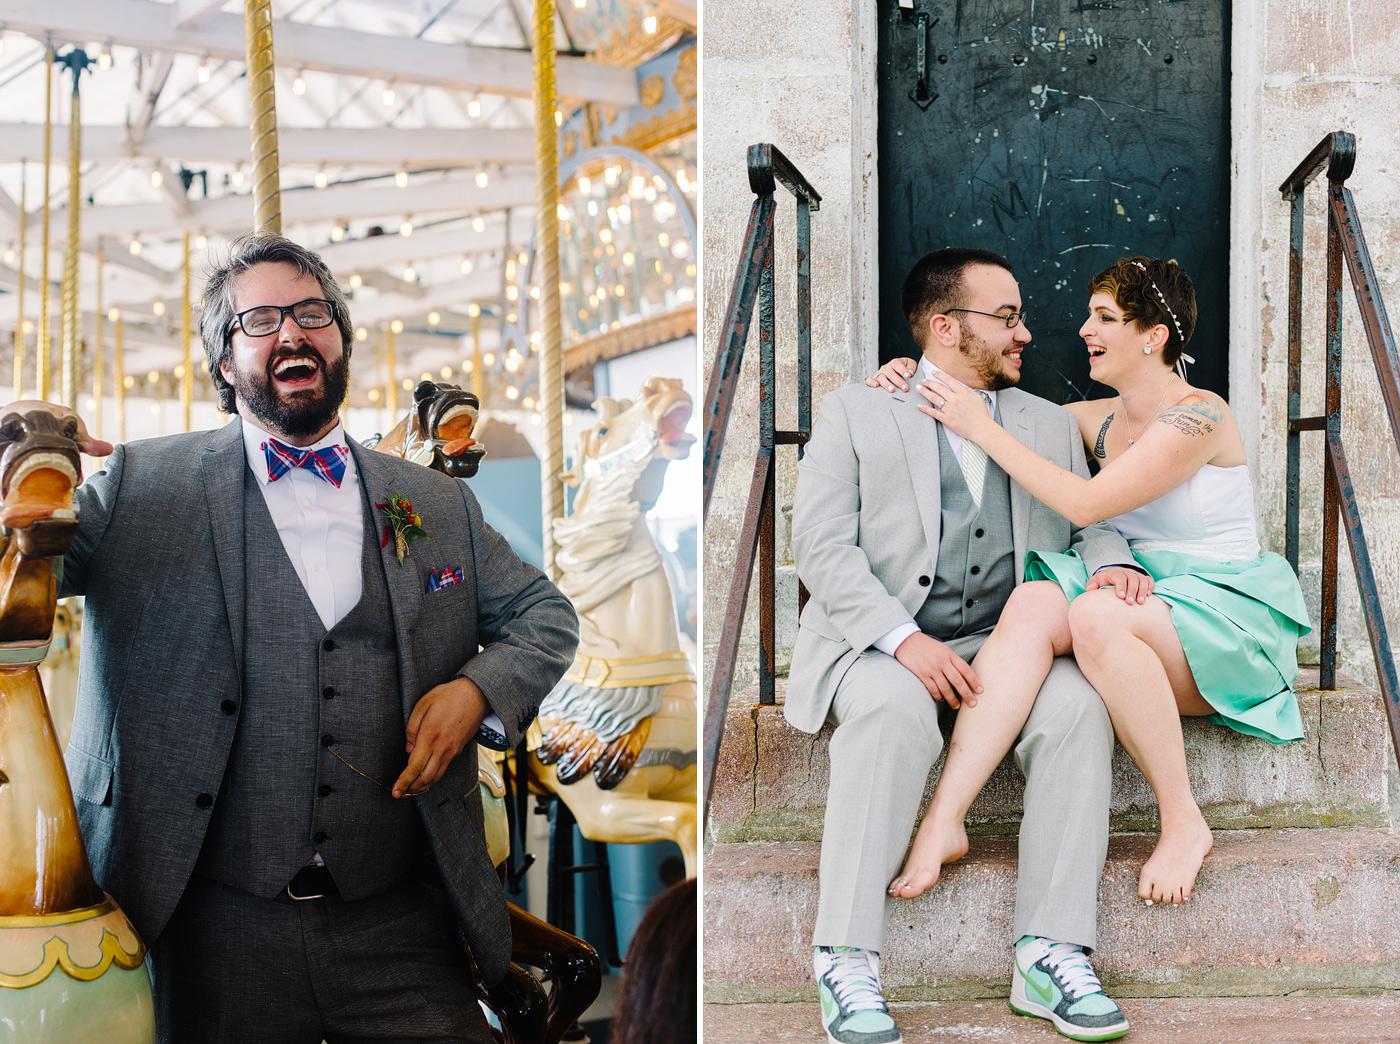 short-wedding-dress-on-connecticut-beach
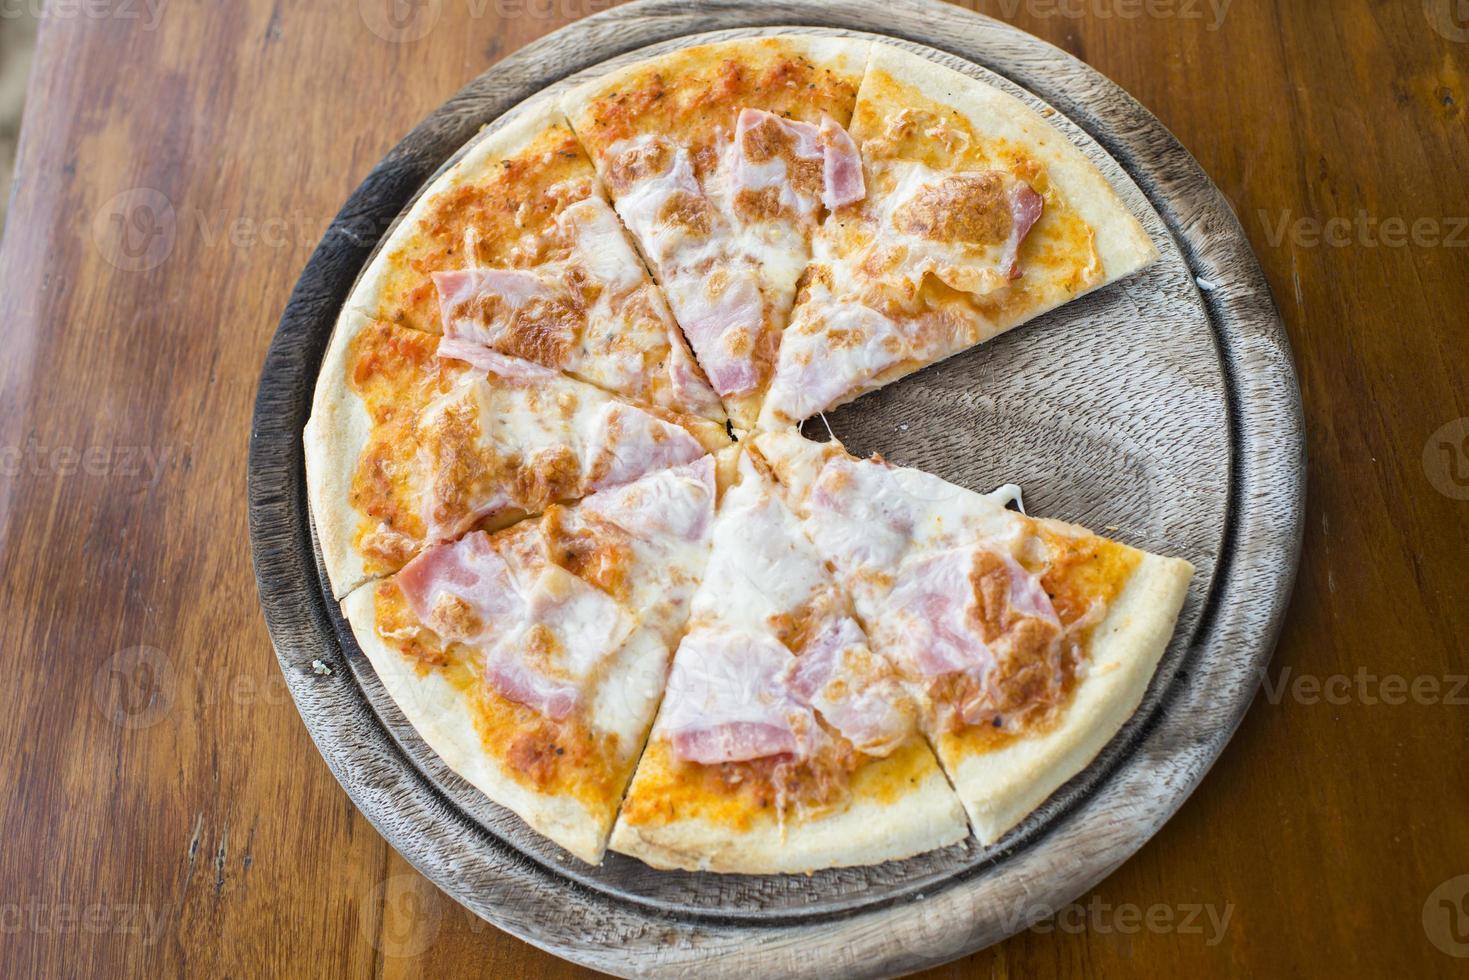 jambon pizza maison sur table en bois. photo
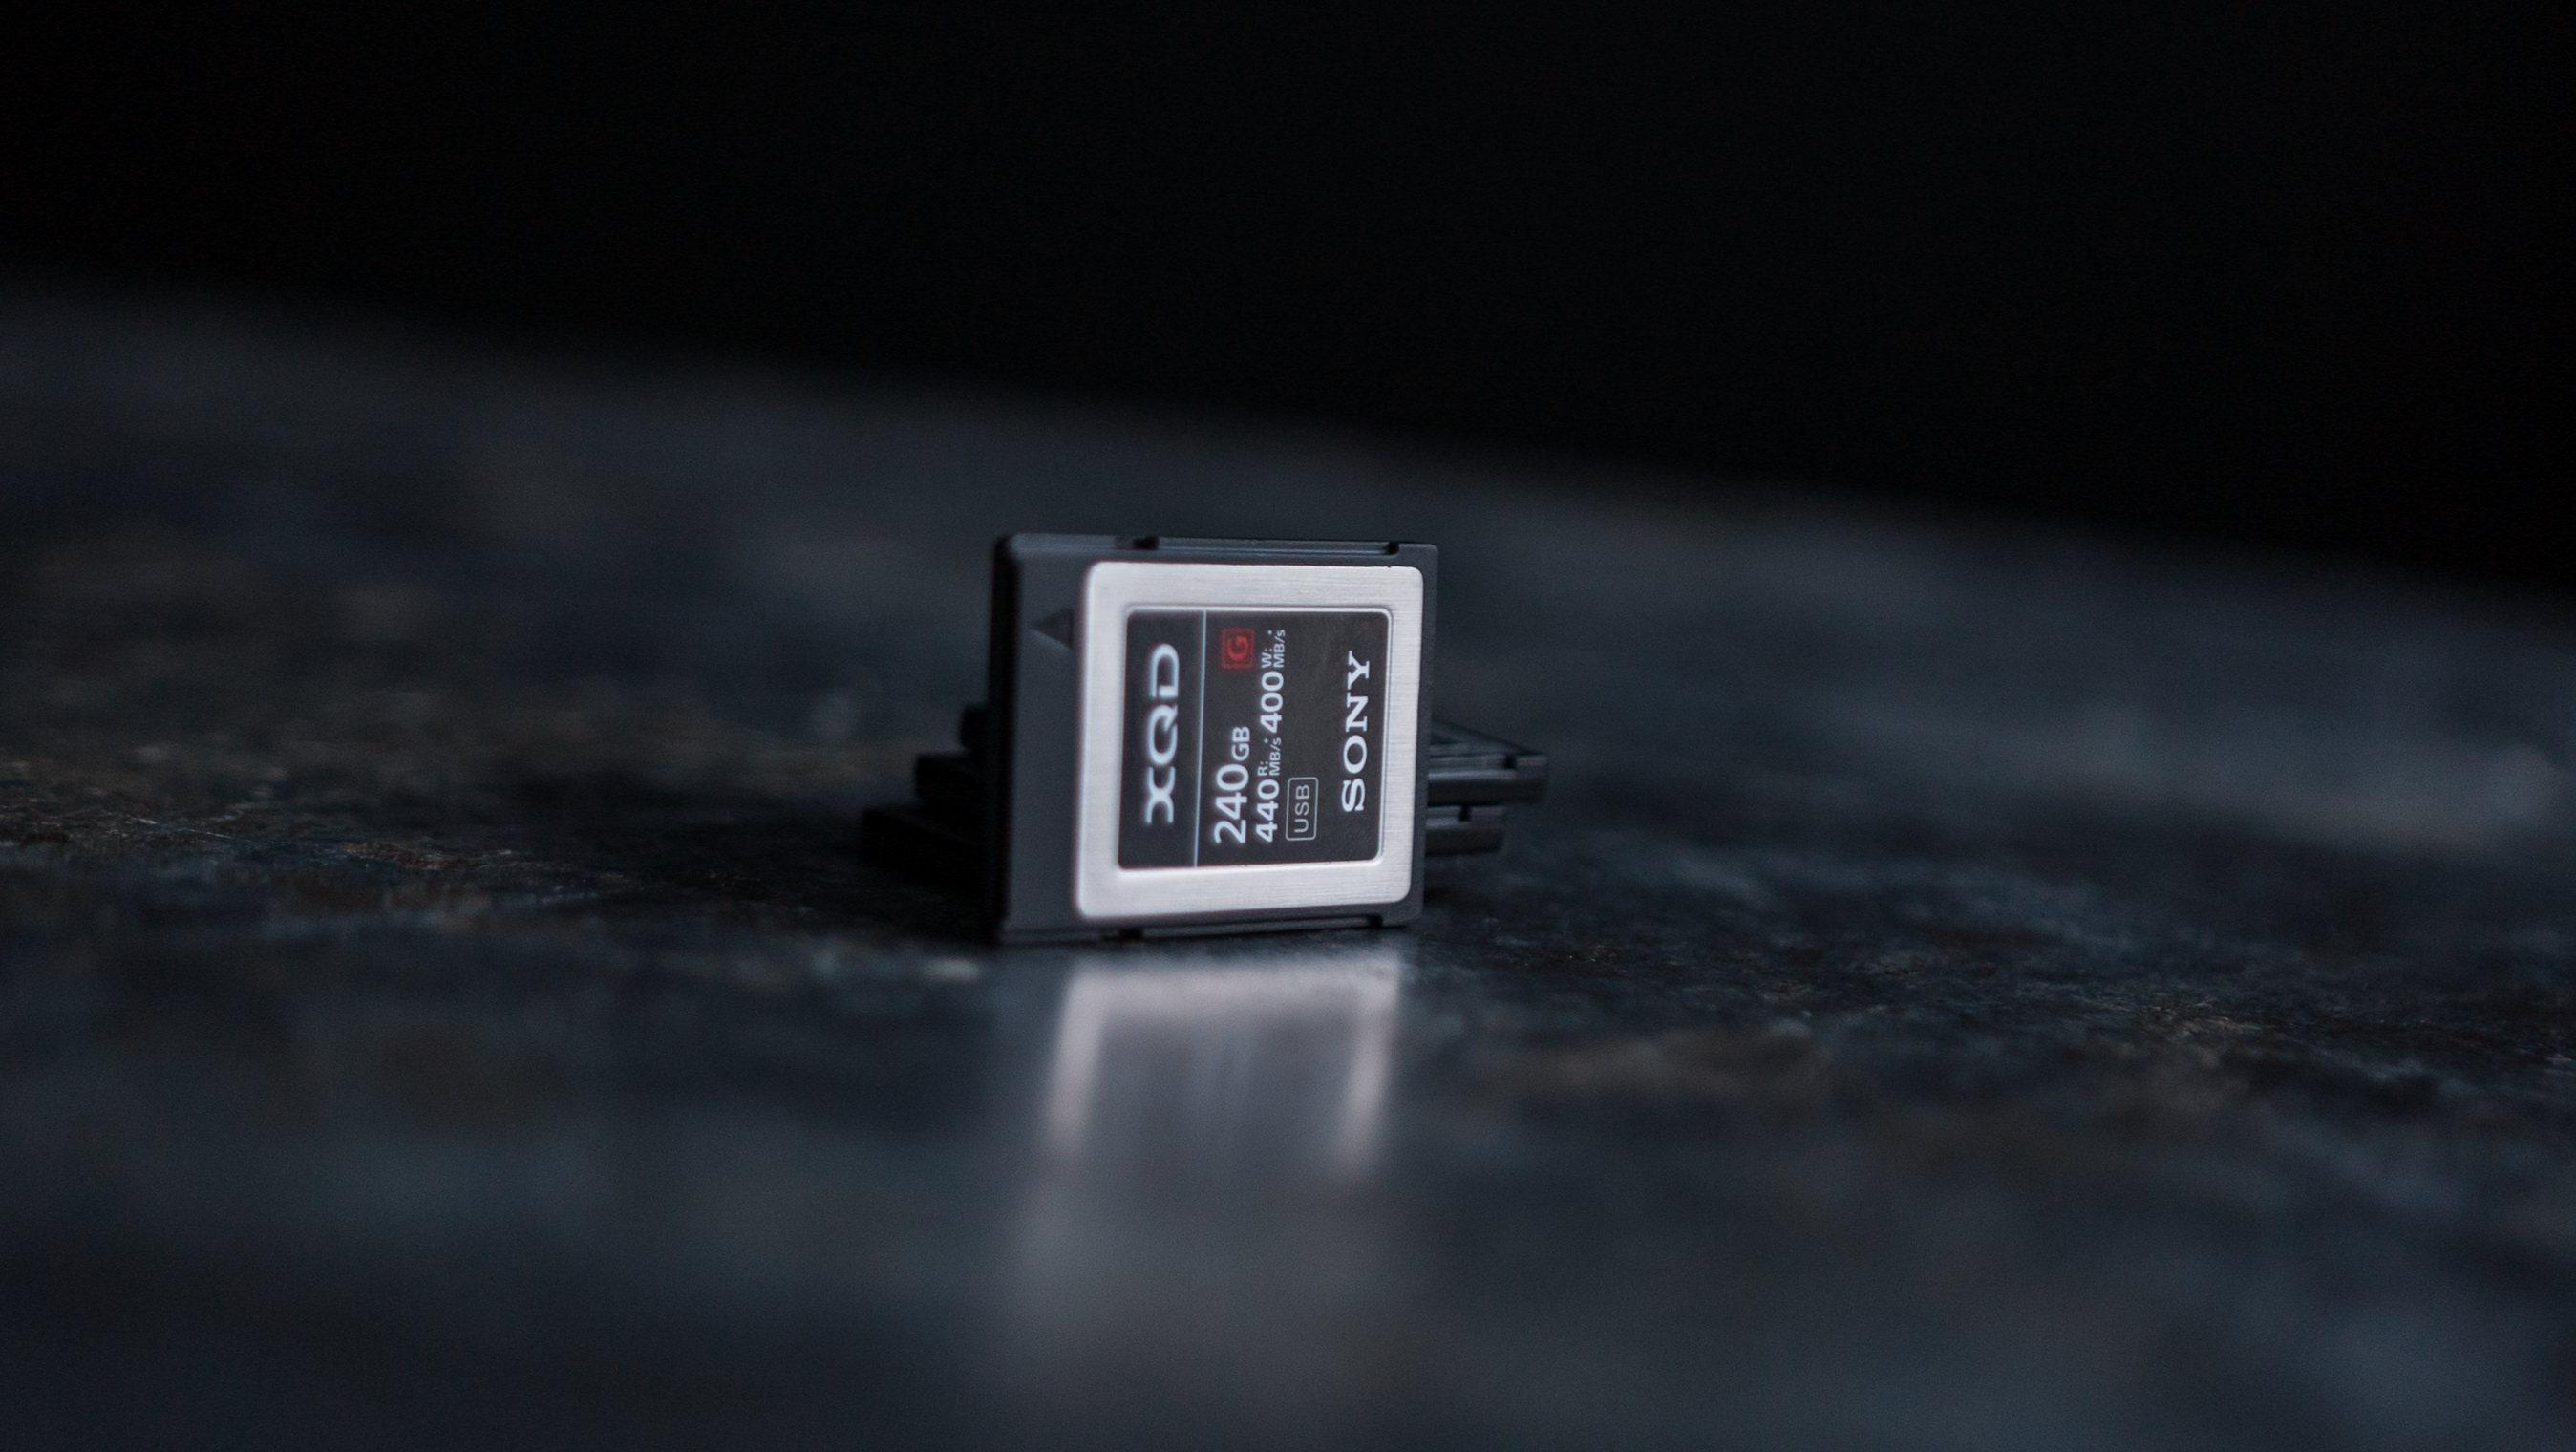 Sony minnekort

++++++++++++++++++++

● **What you have to do**
With the images removed, reproduce all the material above word for word.

● **Exercise output**
 short-wedding-dress-on-connecticut-beach
 jambon pizza maison sur table en bois. photo
 Sony minnekort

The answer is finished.